======== RECORDED DATA

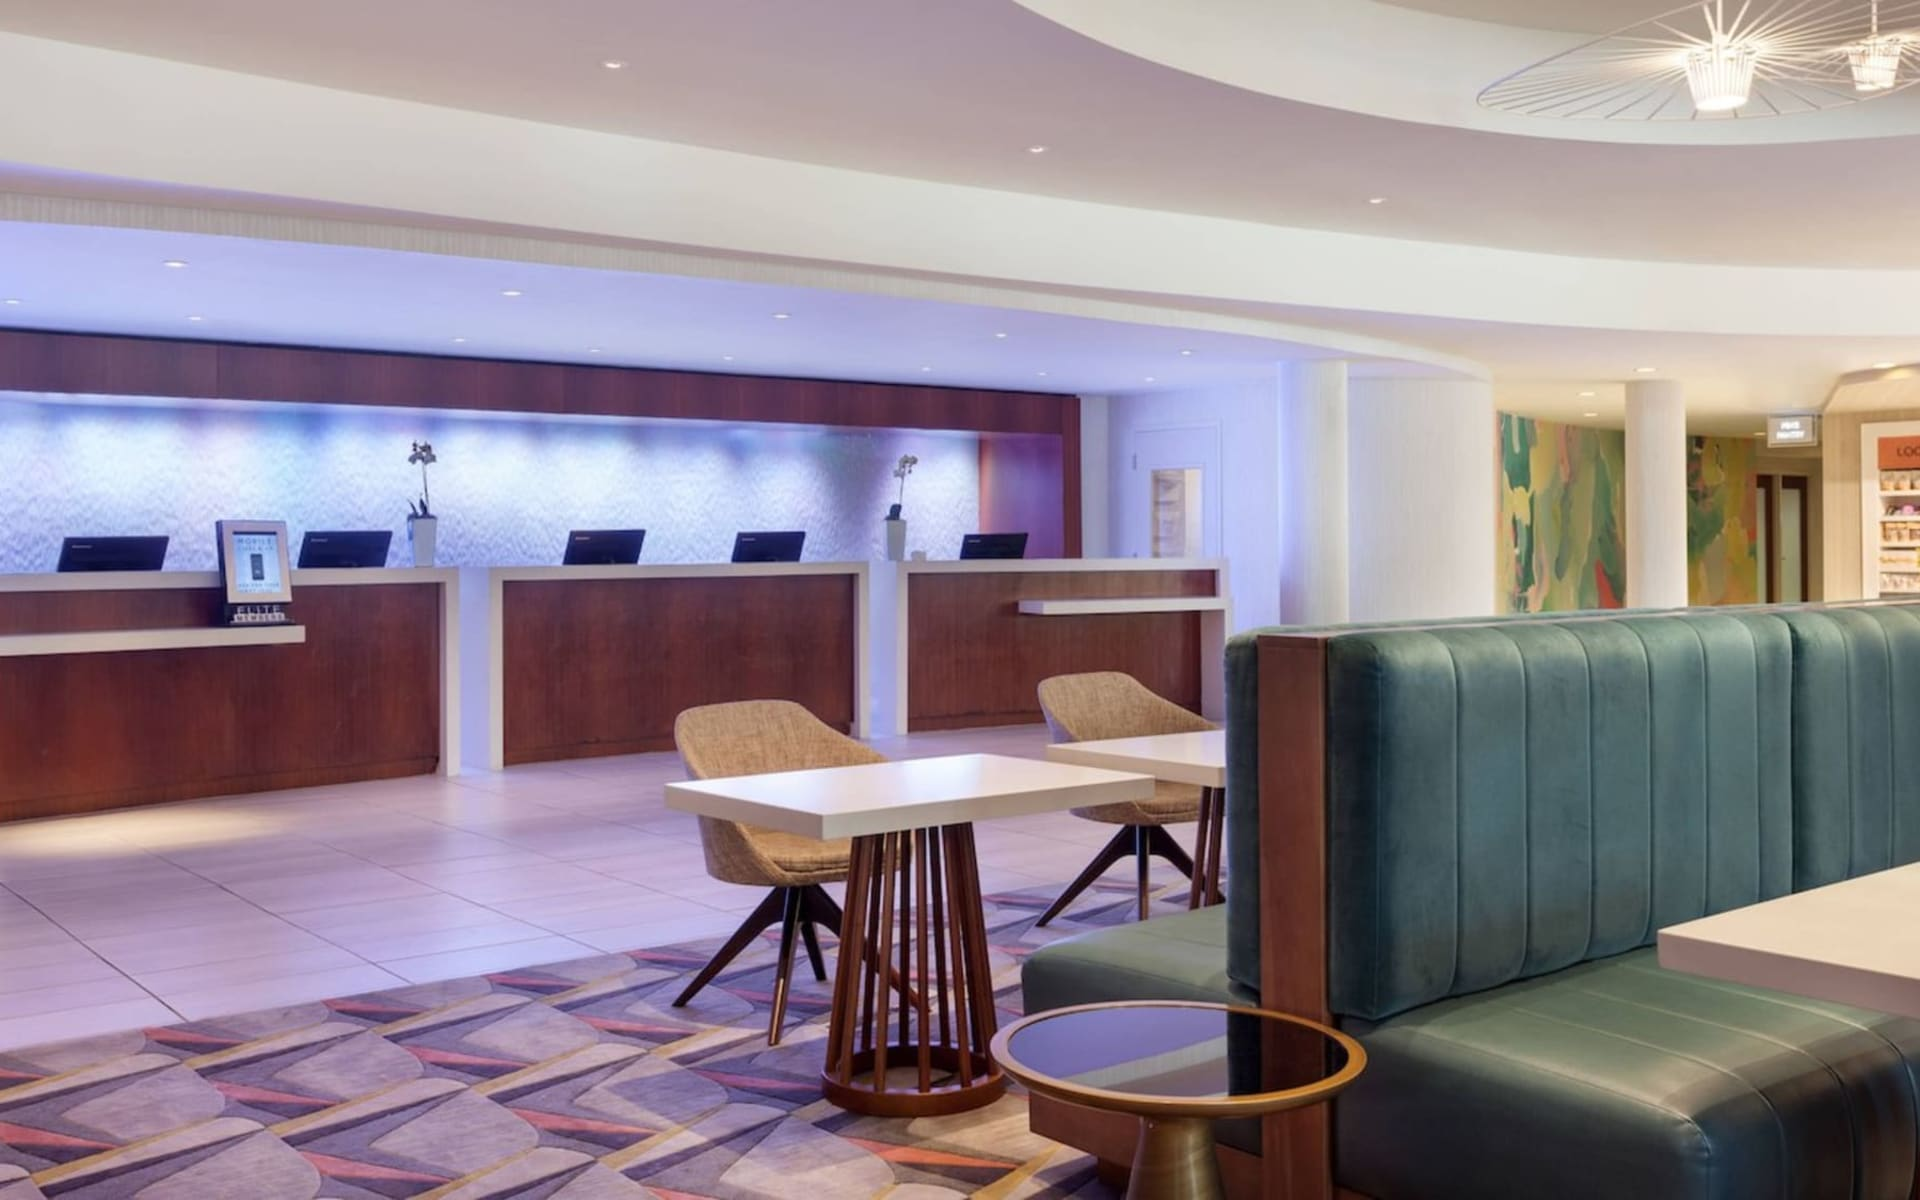 Marriott Miami Airport: Facilities_Marriott MIA Airport_Lobby_ATI
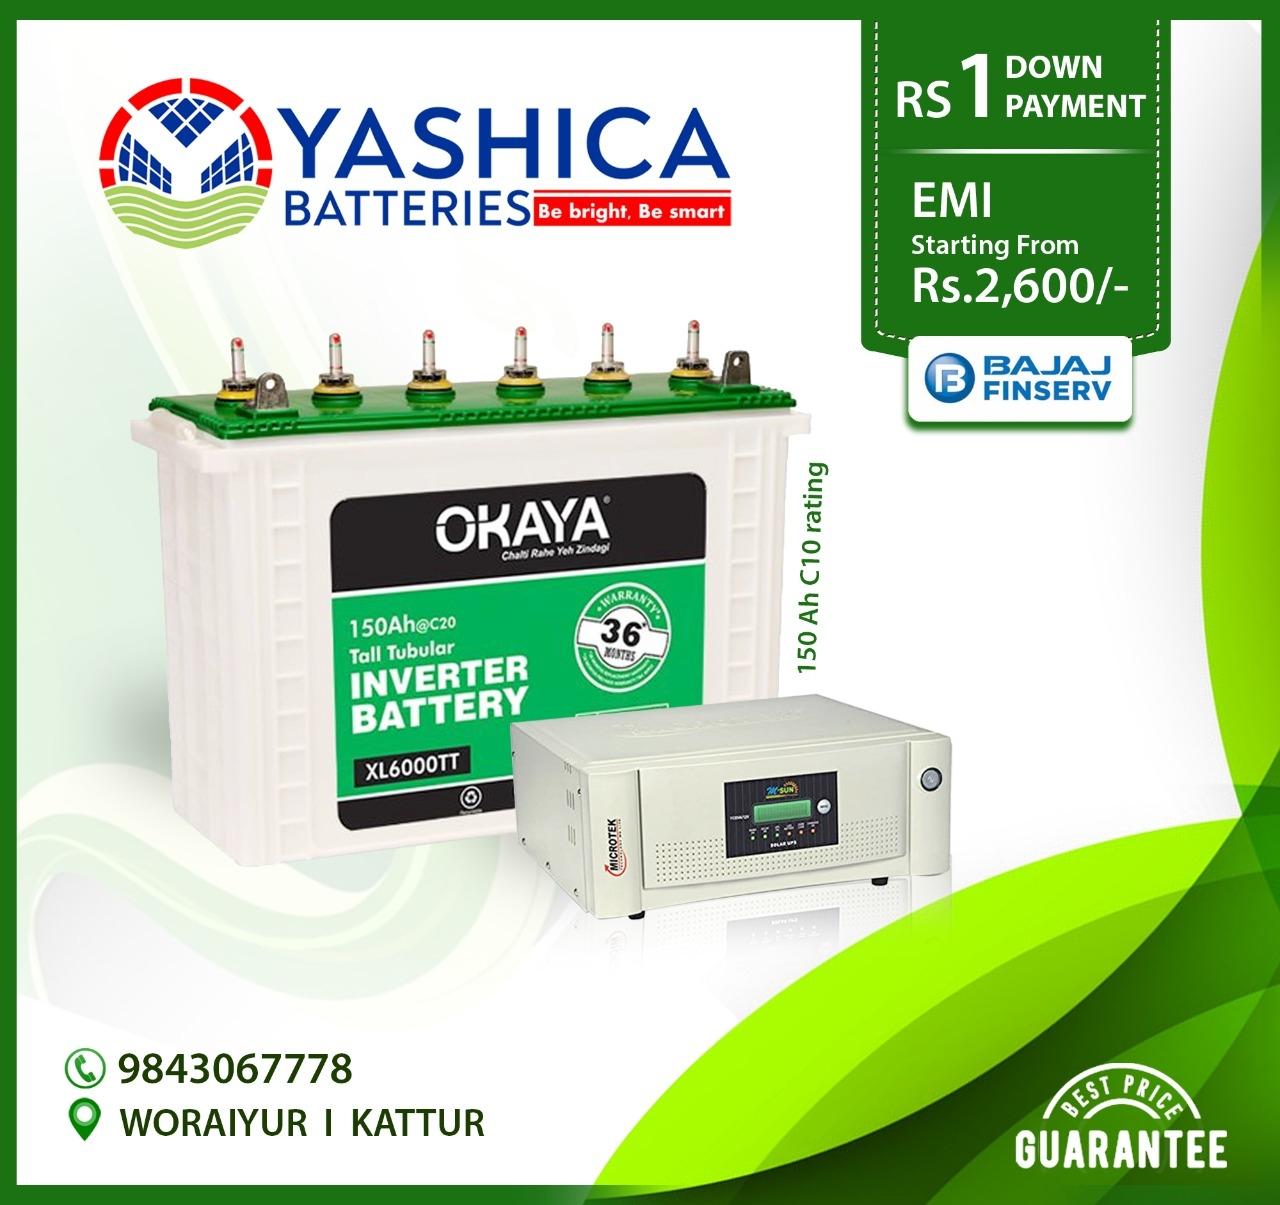 yashicabatteries (@yashicabatteries) Cover Image
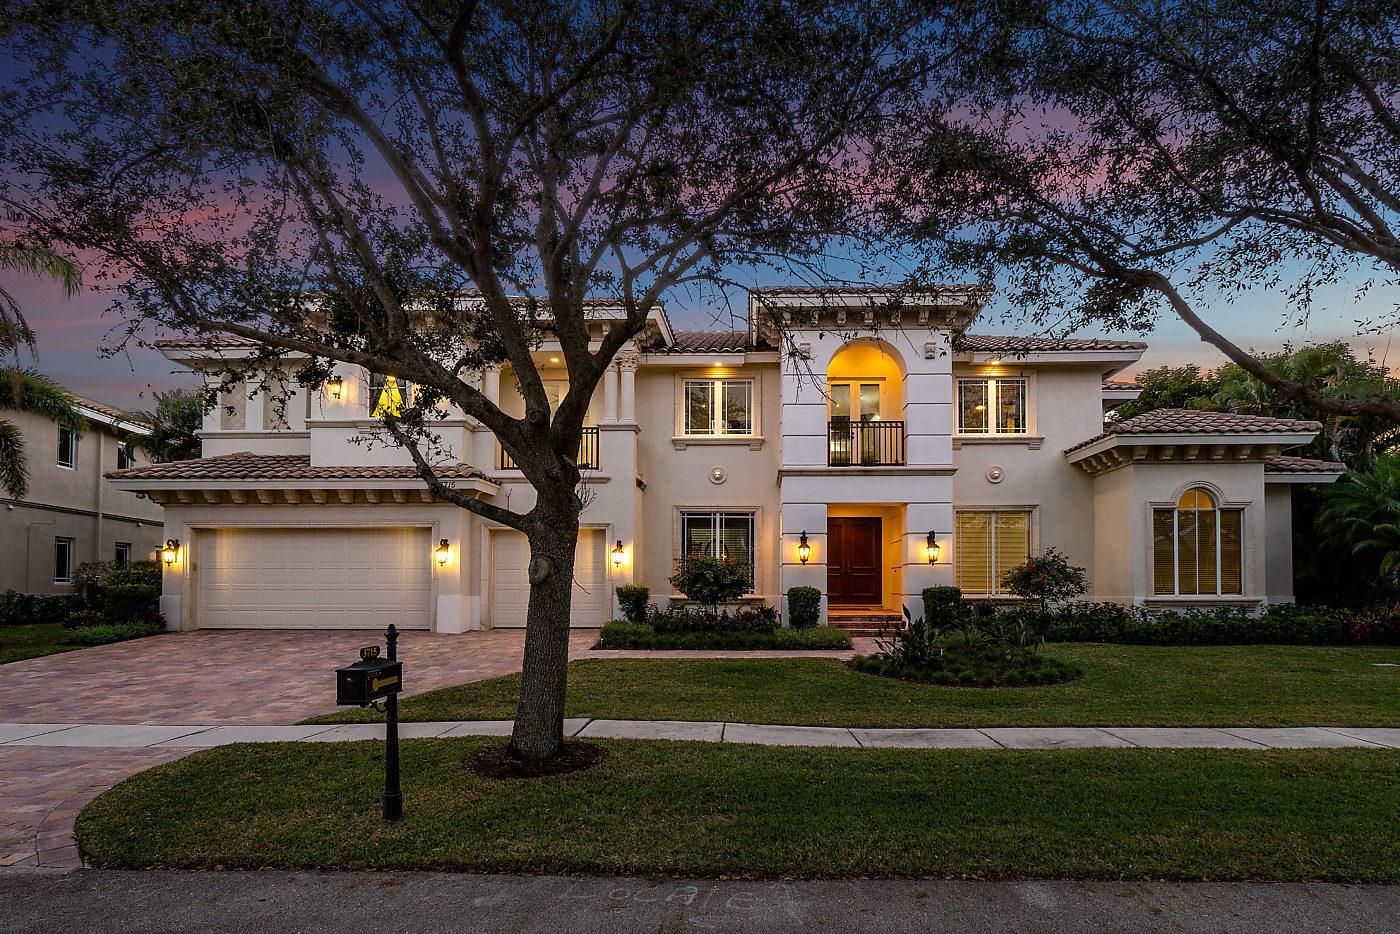 Photo of 3715 Kings Way, Boca Raton, FL 33434
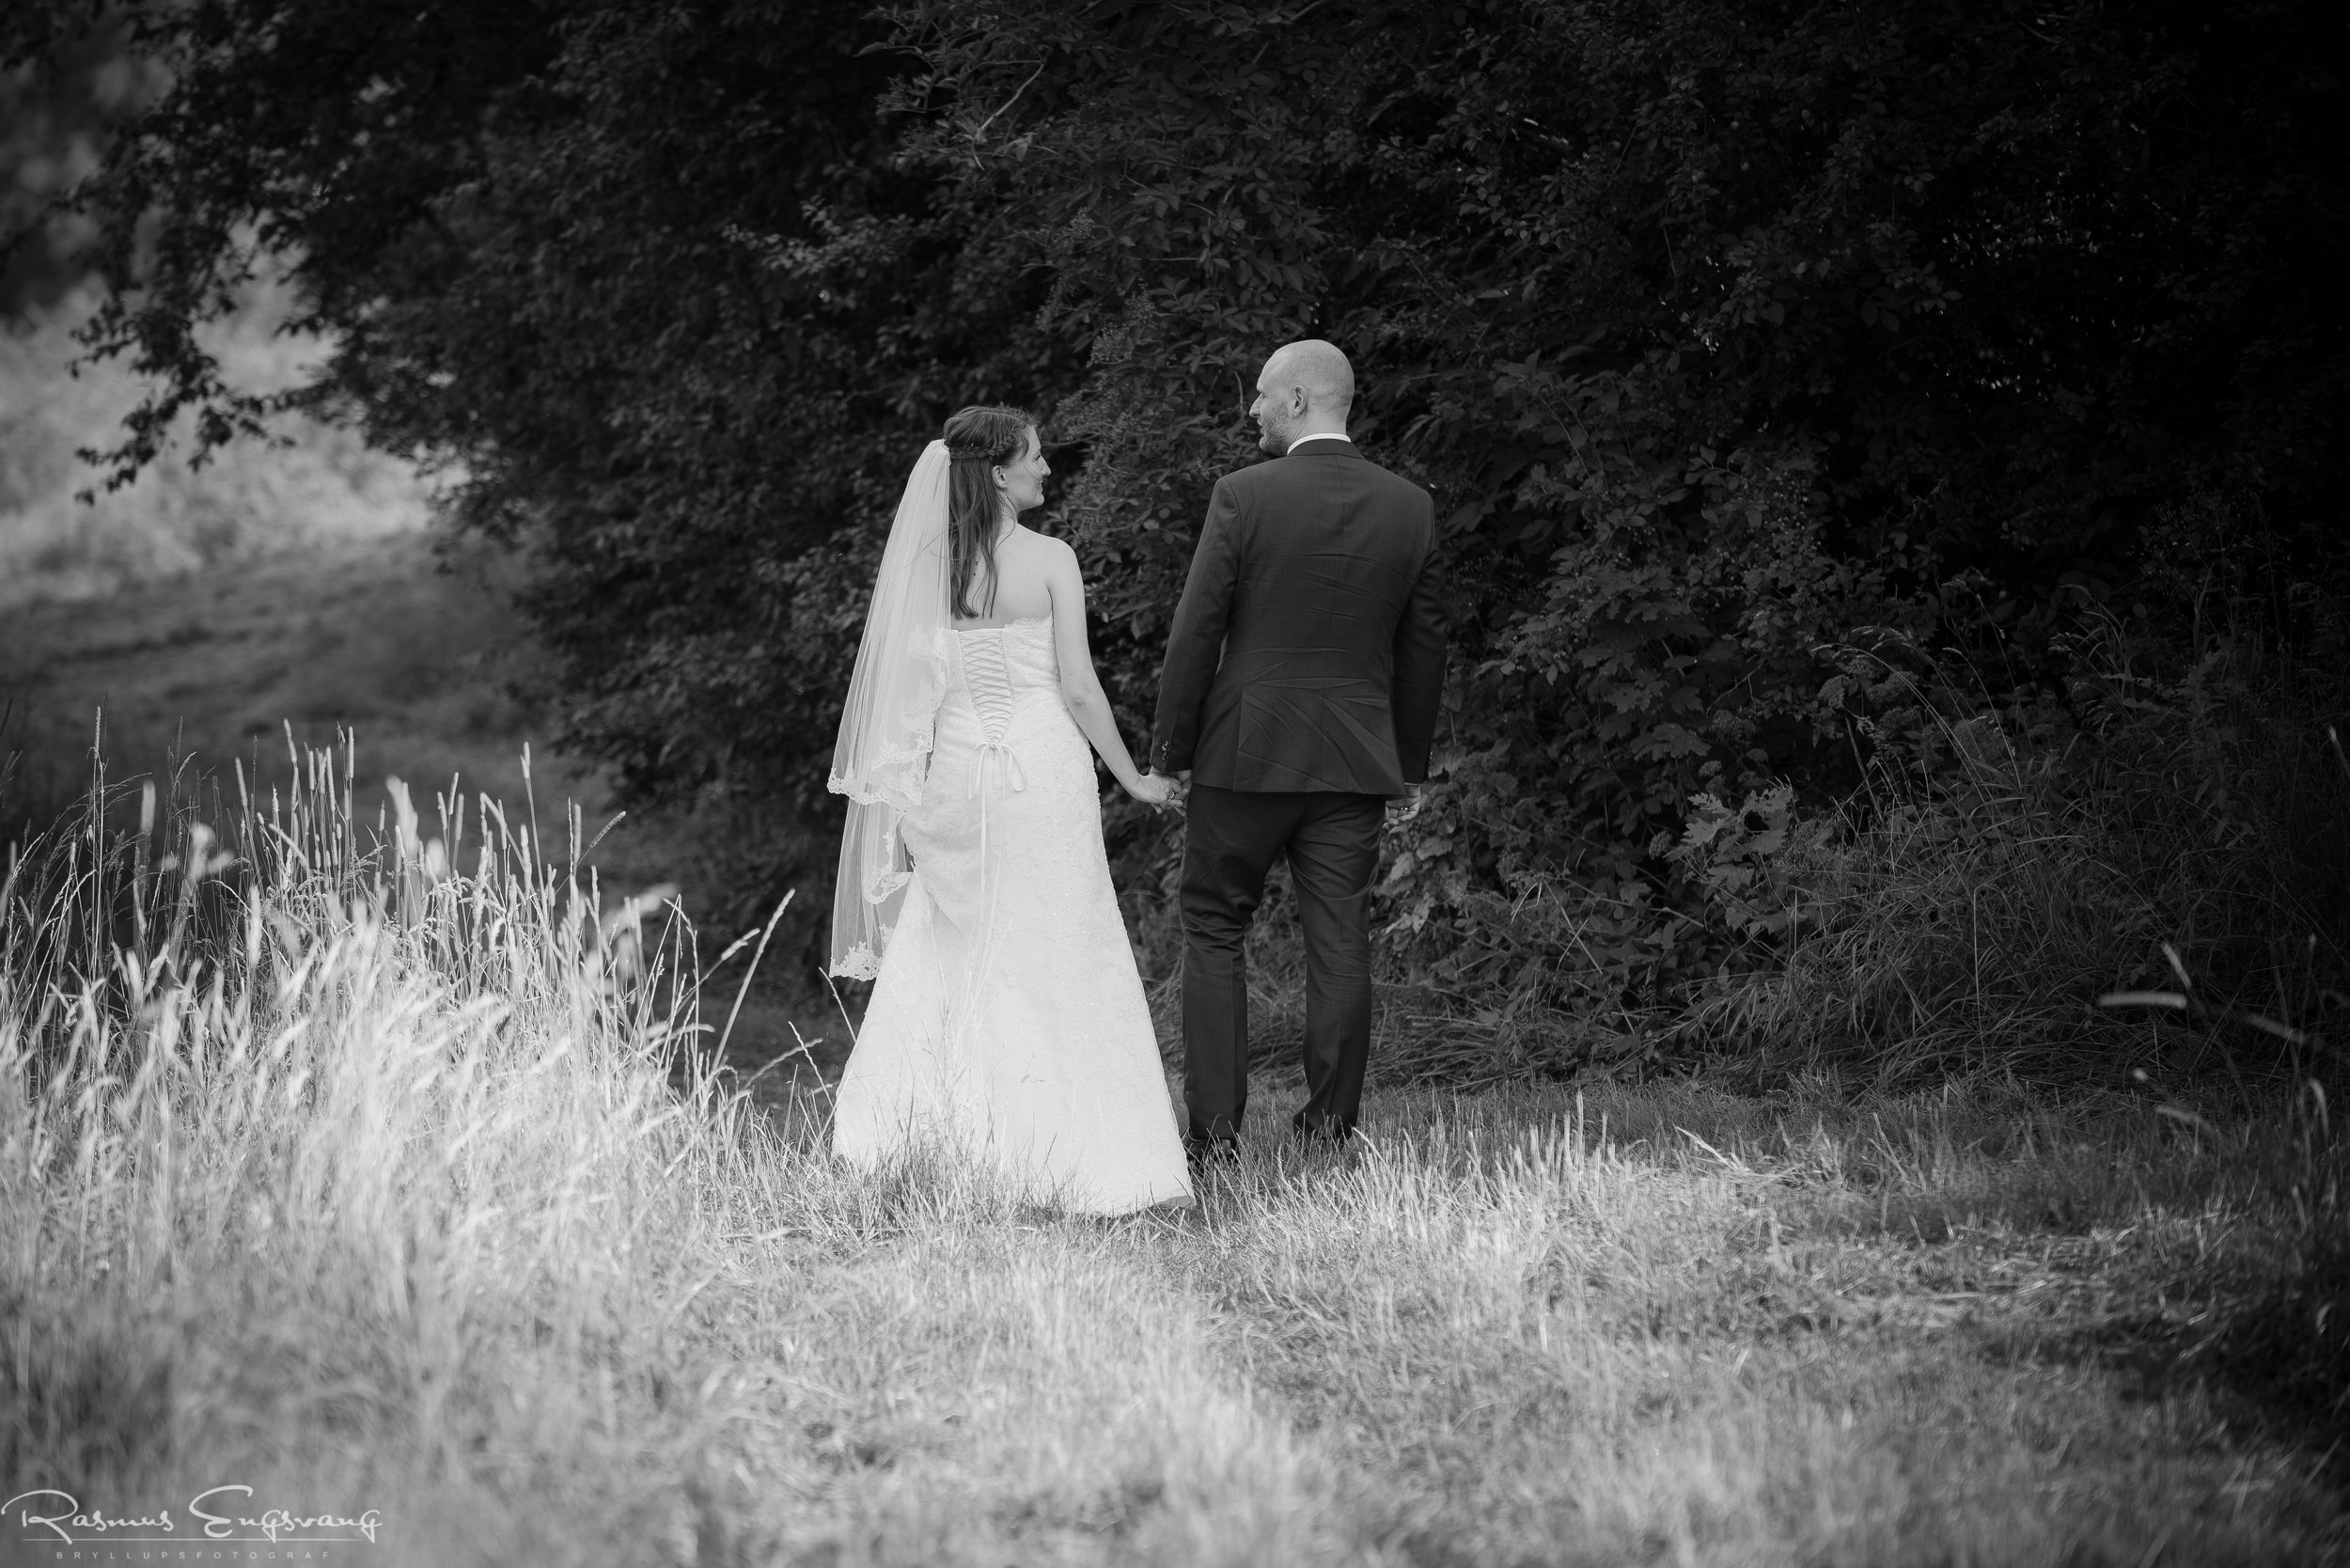 Bryllupsfotograf-København_Sjælland-Ølstykke-Buresø-213.jpg

================

## DESCRIPTION OF THE TASK
Retype the line containing "Photo of 3715" and all lines after it through the end of the material, exactly and only those, leaving out pictures.

## ANSWER TO THIS EXERCISE
 Photo of 3715 Kings Way, Boca Raton, FL 33434
 Bryllupsfotograf-København_Sjælland-Ølstykke-Buresø-213.jpg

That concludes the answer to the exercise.